JPH0412310A - Automatic focusing device - Google Patents

Abstract

PURPOSE:To evaluate the extent of focusing at each image pickup position by small edge quantity and to shorten a focusing operation time by counting the number of edge points which are detected by an edge detecting means, finding plural extremal values from an edge quantity-image pickup means position curve, and selecting the best position among them. CONSTITUTION:An image pickup means 2 is moved within a preset range, the edge detecting means 4 detects edges of a picked-up image, and an edge counting means 5 counts the number of edges to find the distribution of the number of edges. An extremal value position detecting means 6a finds plural extremal value positions from its distribution configuration and an optimum position selecting means 6b selects the optimum position which is set previously among them to obtain a focusing position.
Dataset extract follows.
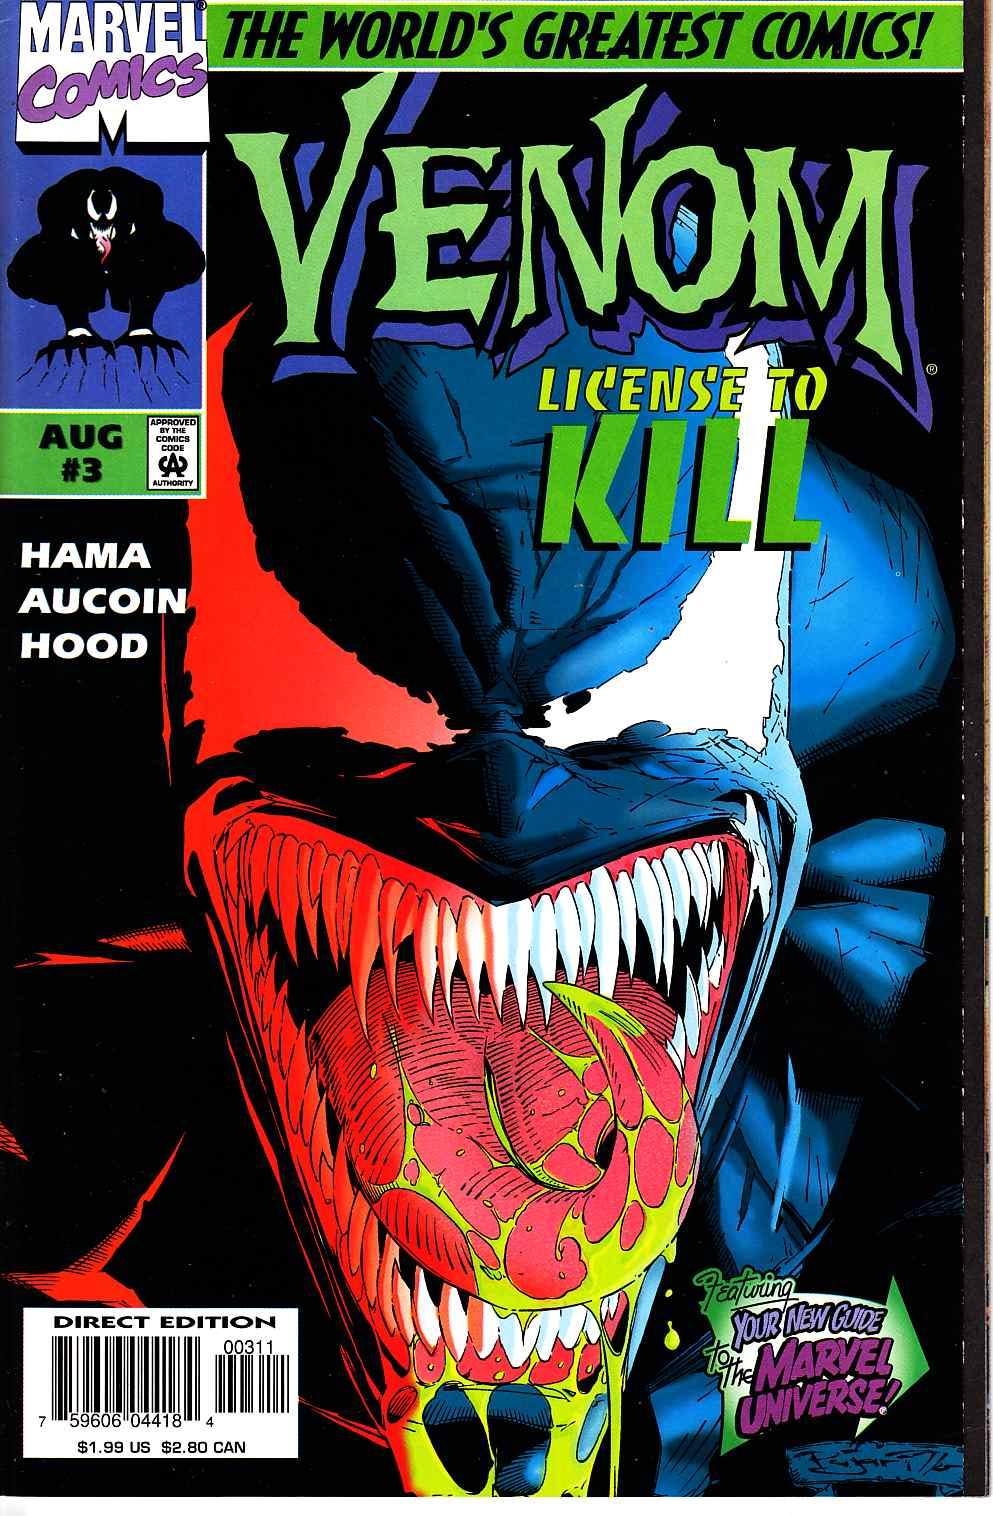 Venom License To Kill #3 [Marvel Comic]

Consequently, even a subject whose focusing position is hard to decide such as a wafer where a multi-layered pattern is formed can be focused with high reliability and the extent of focusing can be evaluated at each image pickup position by small edge quantity counting to shorten the focusing operation time.

Description

[Detailed Description of the Invention] [Industrial Application Field] This invention is based on a plurality of image information obtained by continuously photographing the surface condition of a wafer with an ITV (industrial television) camera while moving. In a device that automatically inspects the wafer, it is necessary to correct the defocus at each position on the wafer due to uneven wafer thickness or uneven flatness of the inspection stage, and capture images sequentially. The present invention relates to an automatic focusing device that realizes focusing in time.

[Conventional technology]

Regarding conventional automatic focusing devices, [Electronic Materials 198
The explanation will be based on the contents of "Reticle quality evaluation device using silicon wafer method" published in February 1999 issue (Kogyo Kenkyukai) J.

FIG. 6 shows the relationship between the boundary data detected from the image, that is, the number of edge points and the position of the imaging means. The in-focus position is the imaging means position where the number of edges is maximum.
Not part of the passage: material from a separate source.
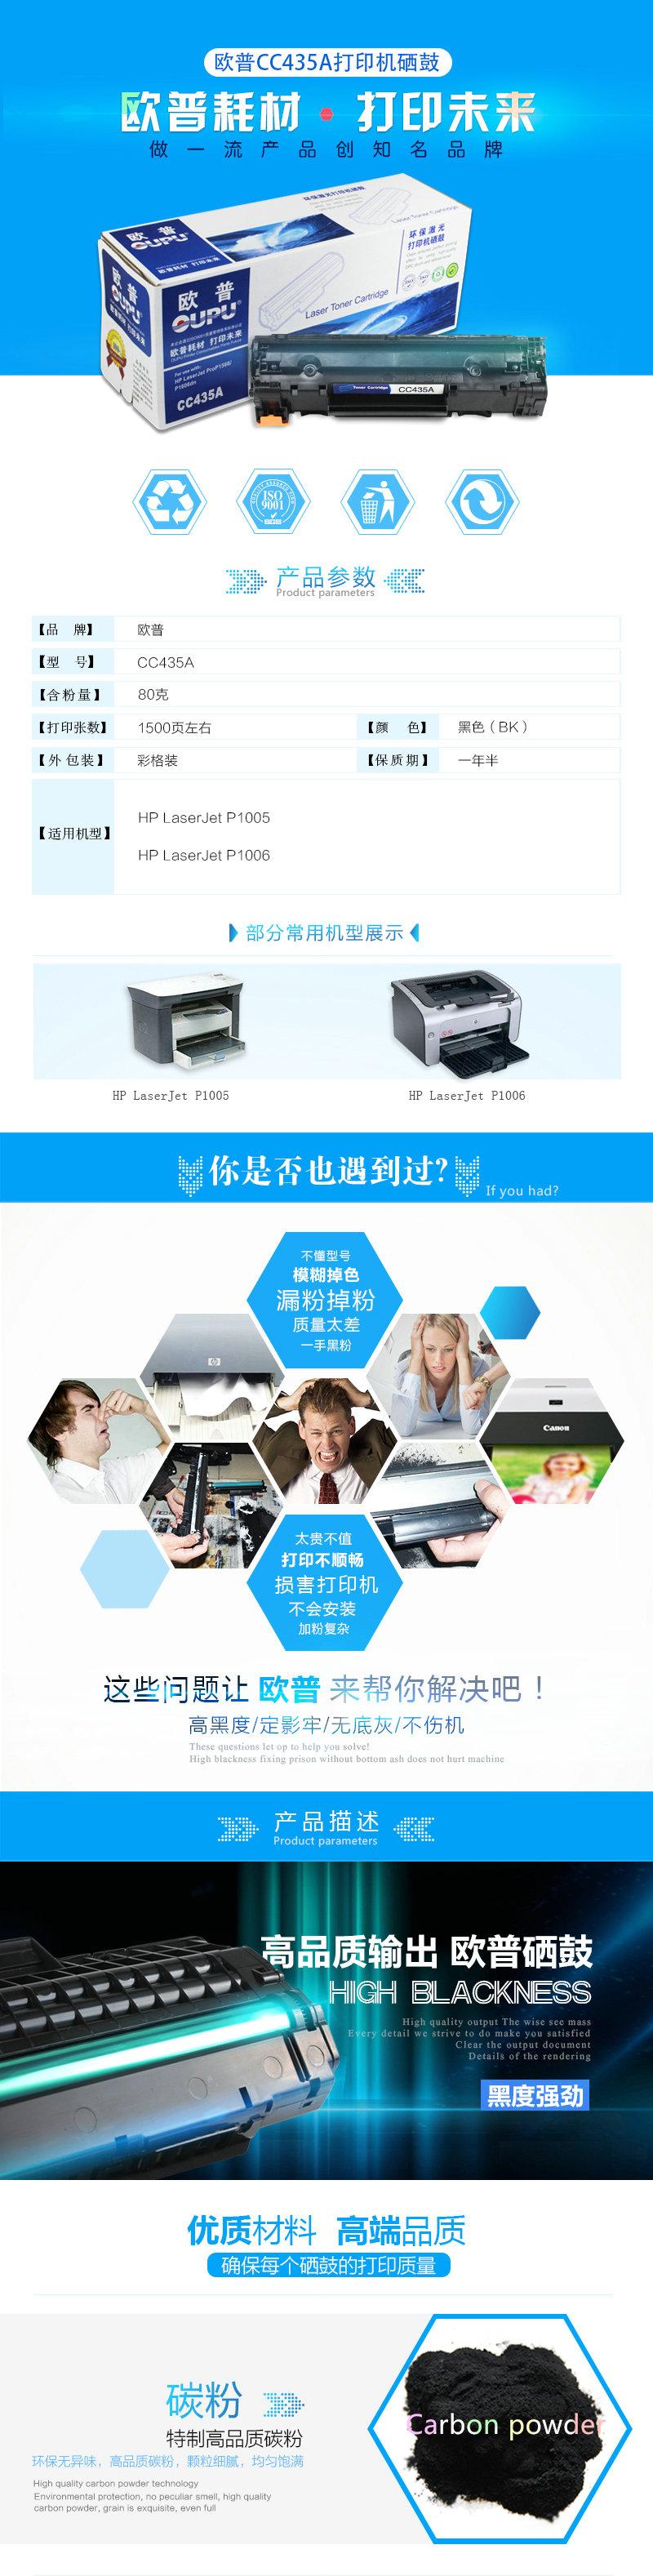 欧普CC435A打印机硒鼓普通

To find the in-focus position using this principle, for example,
The position of the imaging means is moved several steps at a predetermined pitch, and the number of edges is counted each time to find the position of the imaging means with the maximum number of edges.
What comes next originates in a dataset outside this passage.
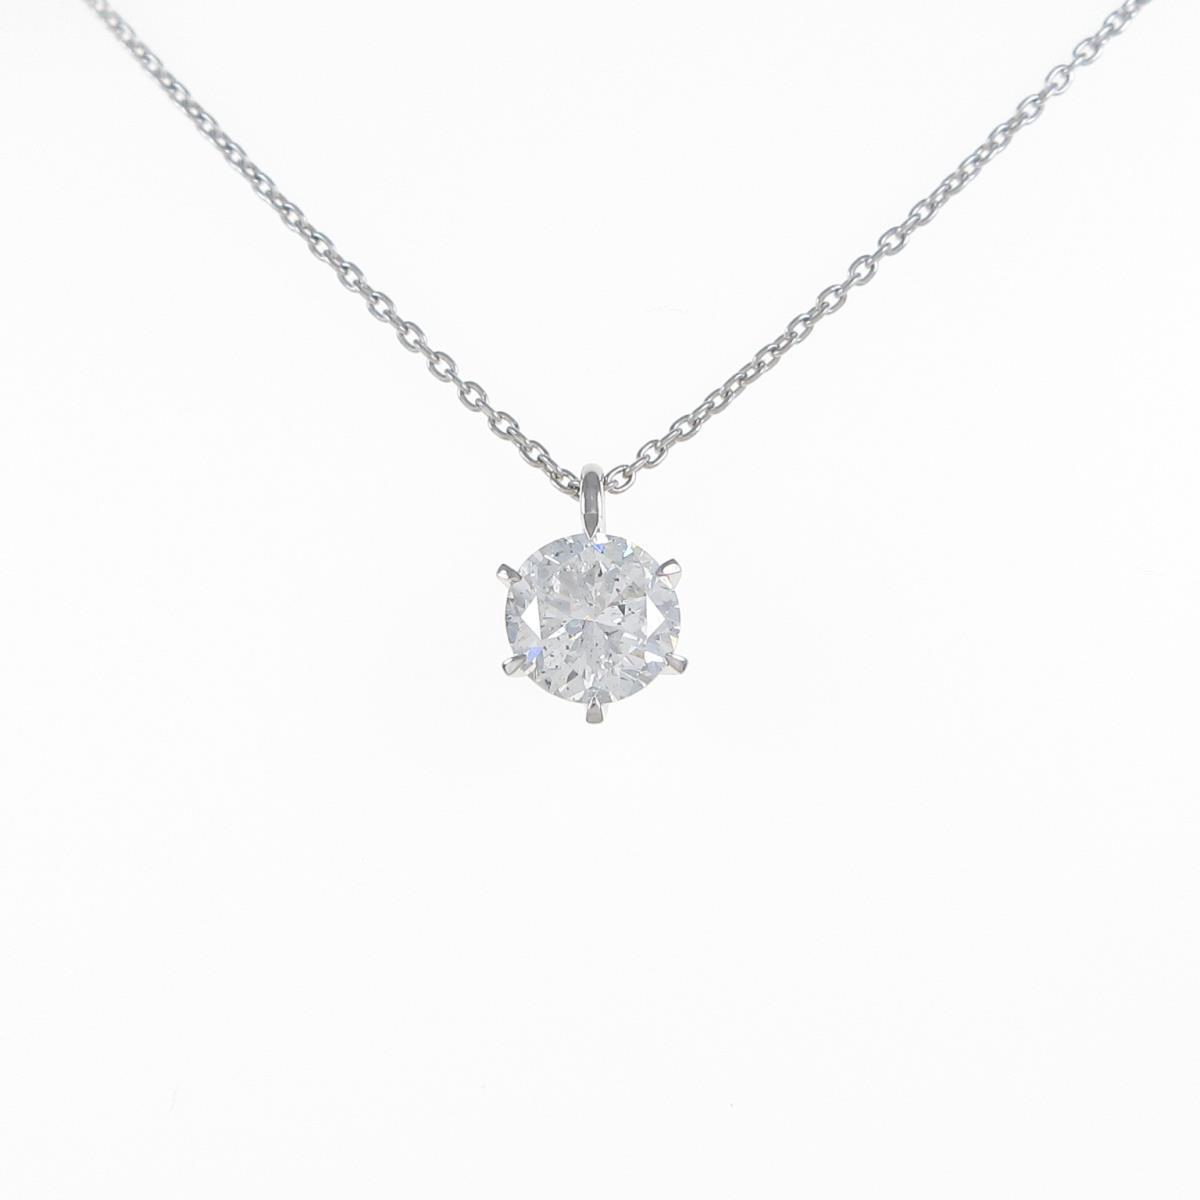 【リメイク】プラチナダイヤモンドネックレス 1.581ct・G・SI2・GOOD【中古】

[Problem to be solved by the invention]

However, in the method of determining the in-focus position using the reticle quality evaluation apparatus using the silicon wafer method, for example, in the image of sea urchin A on which a multilayer pattern is formed, there are multiple in-focus positions. The position curve will not be as shown in FIG. 6, but will be a curve as shown in FIG. 7, which is a combination of several curves in FIG. 6 with some deviations in the direction of the imaging means position.

In such a case, the first problem is that when determining the in-focus position, it is not possible to simply determine the position with the maximum number of edge points.

In addition, in the quality evaluation device using the silicon wafer method described above,
Based on the above principle, in order to find the in-focus position, even if the focus tends to be out of focus globally due to factors such as uneven thickness, such as with wafers, the imaging means position must be determined in advance. The second problem is that it is necessary to move several steps at a predetermined pitch, count the number of edges each time, and determine the focusing position from the form of the edge point-imaging means position curve, which takes a long focusing time. was there.

The invention as claimed in claim 1 has been made to solve the above-mentioned problems, and can be applied to wafers on which multilayer patterns are formed, etc.
To provide an automatic focusing device that enables highly reliable focusing even for a subject whose focusing position is difficult to determine.

In addition, in order to solve the above problem, the invention of claim 2 makes it possible to evaluate the degree of focus by counting a small number of edges for each imaging position when there is a global trend in defocus. An object of the present invention is to obtain an automatic focusing device that can shorten operation time.

[Means to solve the problem]

The automatic focusing device according to claim 1 includes an edge counting means for counting the number of edge points detected by the edge detecting means, and a plurality of extreme values obtained from the edge point number-imaging means position curve. A means is provided for selecting the optimum position from among them.

Further, the automatic focusing device according to the second aspect of the present invention is provided with a control means for predicting the current direction of defocus by using the previous focusing information and determining the focusing position.

[For production]

The edge counting means in the invention of claim 1 counts the number of edge points detected by the edge detecting means, and calculates a plurality of extreme values from the edge point-imaging means position curve within a preset movement range of the imaging means from the counted number of edge points. is determined, the optimal position is selected from these multiple extreme values, and the optimum position is set as the in-focus position.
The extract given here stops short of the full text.